A recent study from Stanford, Cornell, and West Virginia University reveals that Meta’s open-source Llama 3.1 70B model can reproduce 50-token chunks from Harry Potter and the Sorcerer’s Stone more than half the time for 42 percent of the book. That finding surprised many in the AI legal field.

By contrast, Llama 1 65B, released in February 2023, retained only 4.4 percent of the exact text. That sharp increase suggests Meta didn’t limit memorization during training. Instead, the intense training schedule on 15 trillion tokens likely bolstered recall.

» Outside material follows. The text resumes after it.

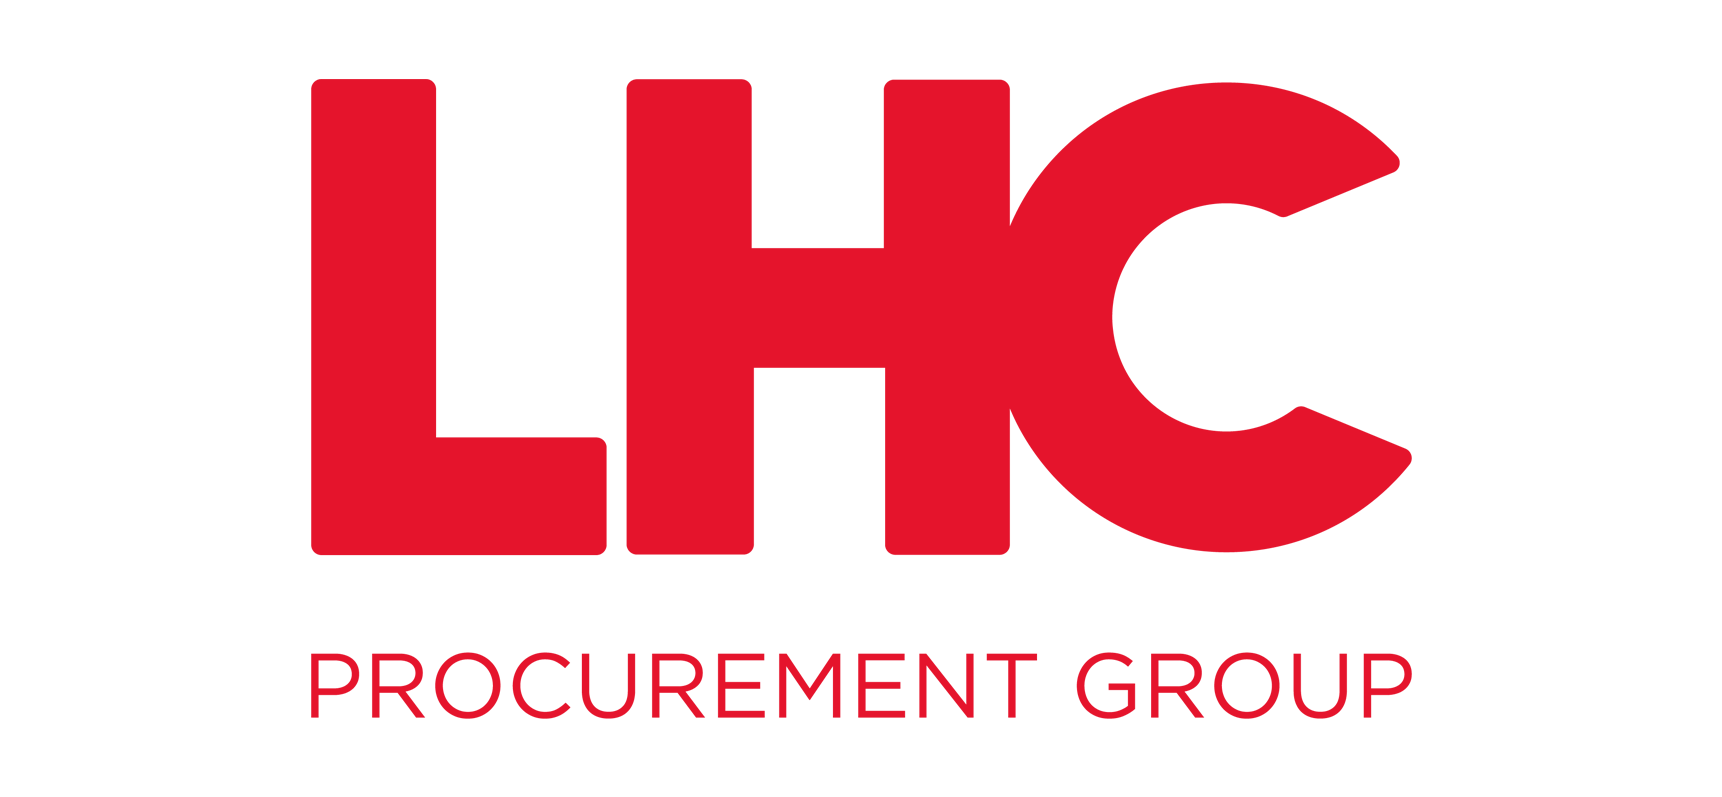 LHC logo

Researchers used a methodical, probability-based test. They split 36 books into 100-token segments and prompted the models with the first half. If the model’s calculated probability of producing the next 50 tokens exceeded 50 percent, that segment was counted as “memorized”. Llama 3.1 returned matching passages for approximately 42 percent of Harry Potter sections.

Other recent Meta news –

The study also noted that Llama 3.1 memorized more segments from well-known titles like The Hobbit and 1984, and fewer from obscure works like Sandman Slim, which was just 0.13 percent. That raises questions such as did the model ingest entire copyrighted texts or rely on widely quoted secondary sources?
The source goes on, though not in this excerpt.